How to Analyze a User Mode Process Dump

by Cengiz Kuskaya

In this tutorial I will show you how you can easily analyze a User Mode Process Dump. This tutorial is intended for beginners. In this example I will use the “Debug Diagnostic Tool v2 Update 3“. This tool was previously designed to analyze only IIS Process Dumps but now you can use it to analyze any kind of User Mode Process Dump. The reason why I use DebugDiag is because its doing nearly all the work automatically and showing you the results as a report therefore DebugDiag is the best User Mode Dump Analysis Tool for beginners.

You can download the latest Version of “DebugDiag” from the link below :

Debug Diagnostic Tool v2 Update 3

The Debug Diagnostic Tool (DebugDiag) is designed to assist in troubleshooting issues such as hangs, slow performance, memory leaks or memory fragmentation, and crashes in any user-mode process.

As you know to analyze a user mode process dump you normally have to know how the process you analyze works, behaves and which components it loads furthermore what all these components does. Only after that, if you take a look at the active threads at the top of the stack and at the loaded modules you can say something definite about the root cause of the problem.

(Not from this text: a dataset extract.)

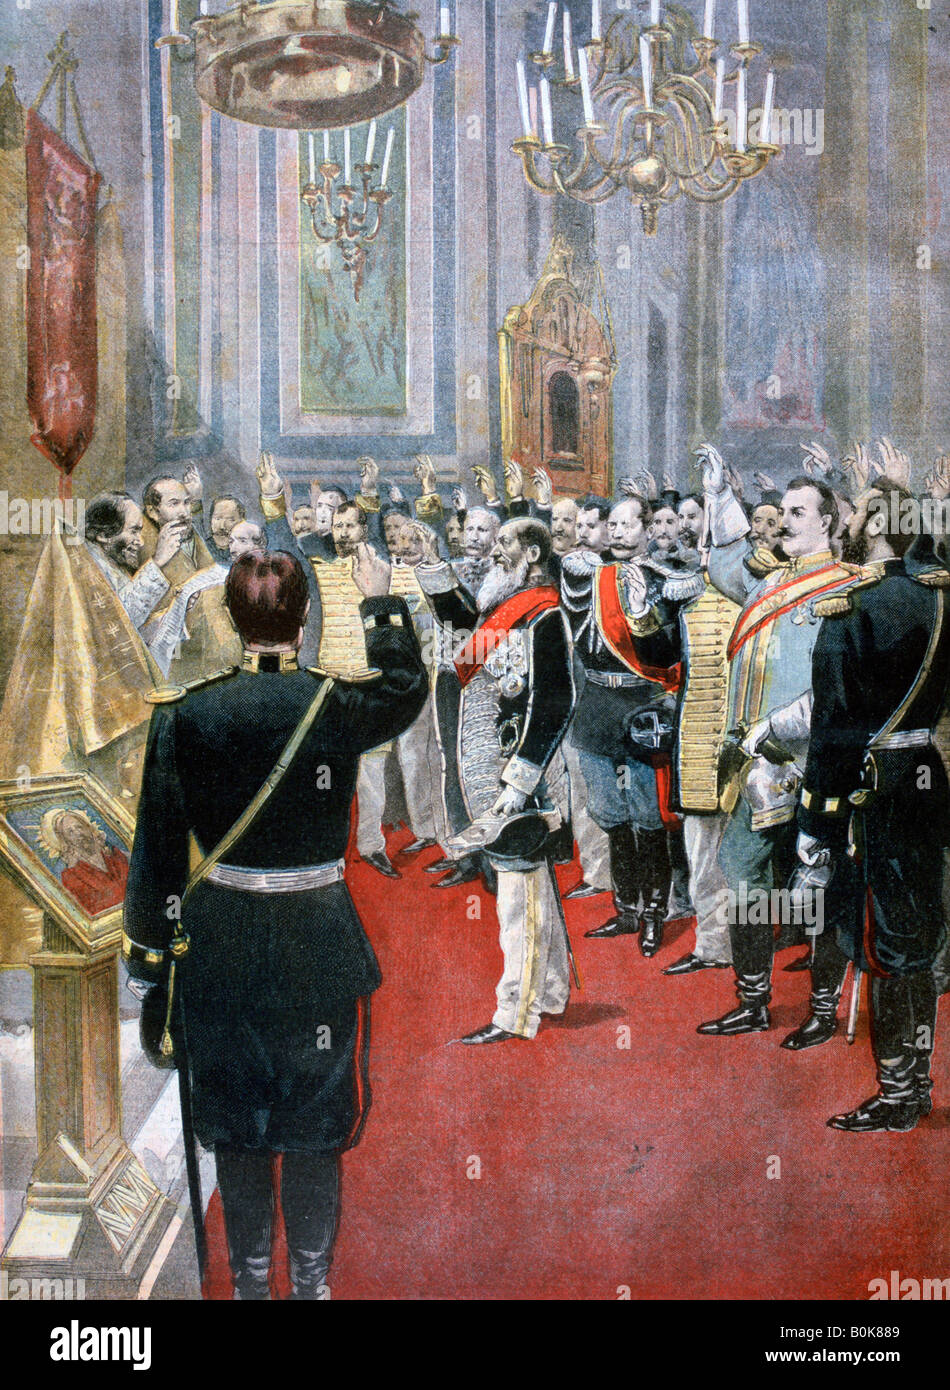 Il giuramento di fedeltà al Tsar Nicholas II, chiesa russa a Parigi, 1894. Artista: F Meaulle Foto Stock

In this tutorial I will show you quickly how you can get an inside and a first look into the problematic process and what you can do without studying the process and all it’s related components. In this example I have send a print job to my Canon printer and paused it. Afterwards, I created a user mode process dump from the spooler process (spoolsv.exe) over the task manager > right click the process > and select create a dump.

I assume that you already have a process dump on the hand.

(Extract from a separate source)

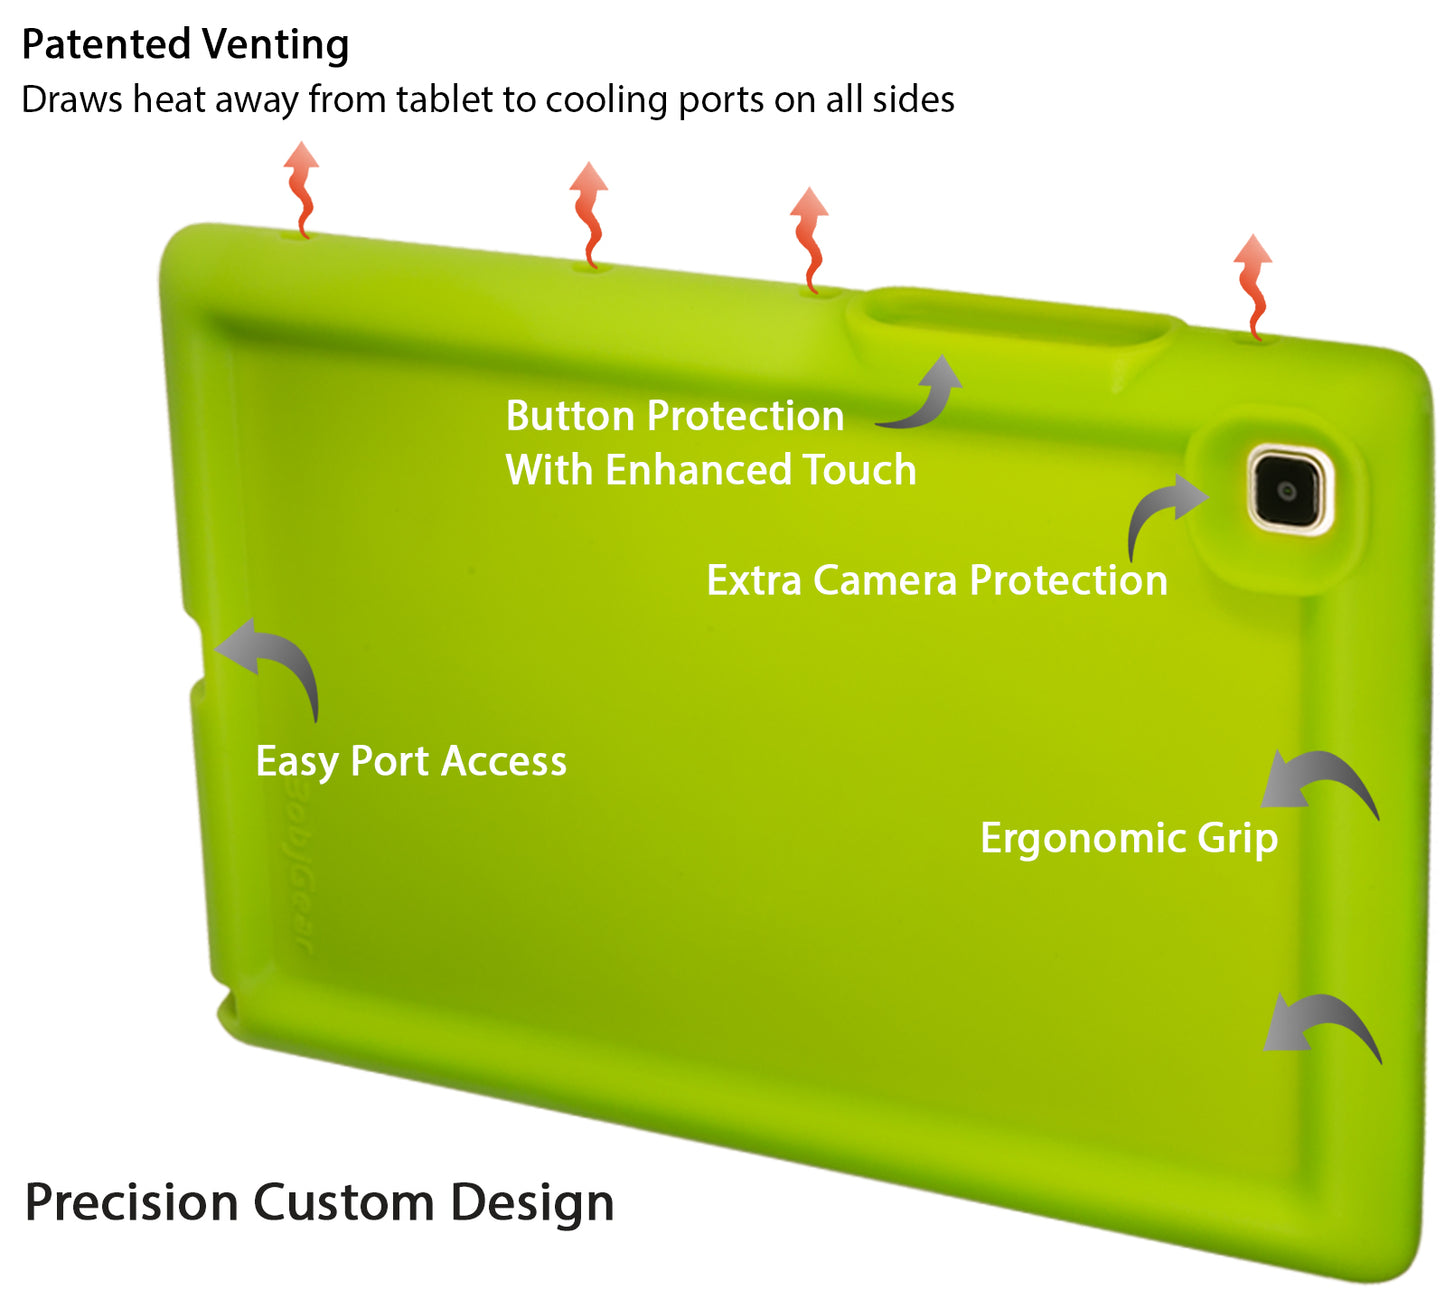 Bobj Rugged Tablet Case for Samsung Galaxy Tab A7 10.4 inch 2020 Models SM-T500, SM-T505, SM-T507 - Gotcha Green

Once “Debug Diagnostic Tool” has been installed on your PC please proceed as follows :

1. Please click “DebugDiag 2 Analysis”.

2. Select the “CrashHangAnalysis” checkbox and add the path to your process dump. Afterwards click “Start Analysis”.

3. DebugDiag will begin to analyze your dump file.

4. Once done the Analysis Report will show up. As we can see in this example we have one Warning and Information event.

5. If we now take a closer look at the problematic areas we can see that DebugDiag has brought 3 threads from the stuck in front of us. It’s the 24, 31 and 32 numbered threads. Furthermore it says that the 32nd thread is blocked.

6. If we now take a look at the thread 32 we can see that the Entry Point is “localspl!PortThread”. I know that LocalSpl is a Dynamic Link Library and it’s the Local Print Provider in Windows. If we print anything locally this component is the one who manages the print job. If we would print to a shared network printer Win32spl!PortThread would show up here. Win32spl is the remote print provider responsible for printing to remote printers. If we take a look at the calls we can see that at the top of the stack it’s saying something with wait “ntdll!AlpcSendWaitReceivePort+14”. This is because I paused the print job and created a User Mode Dump from the Spooler Process.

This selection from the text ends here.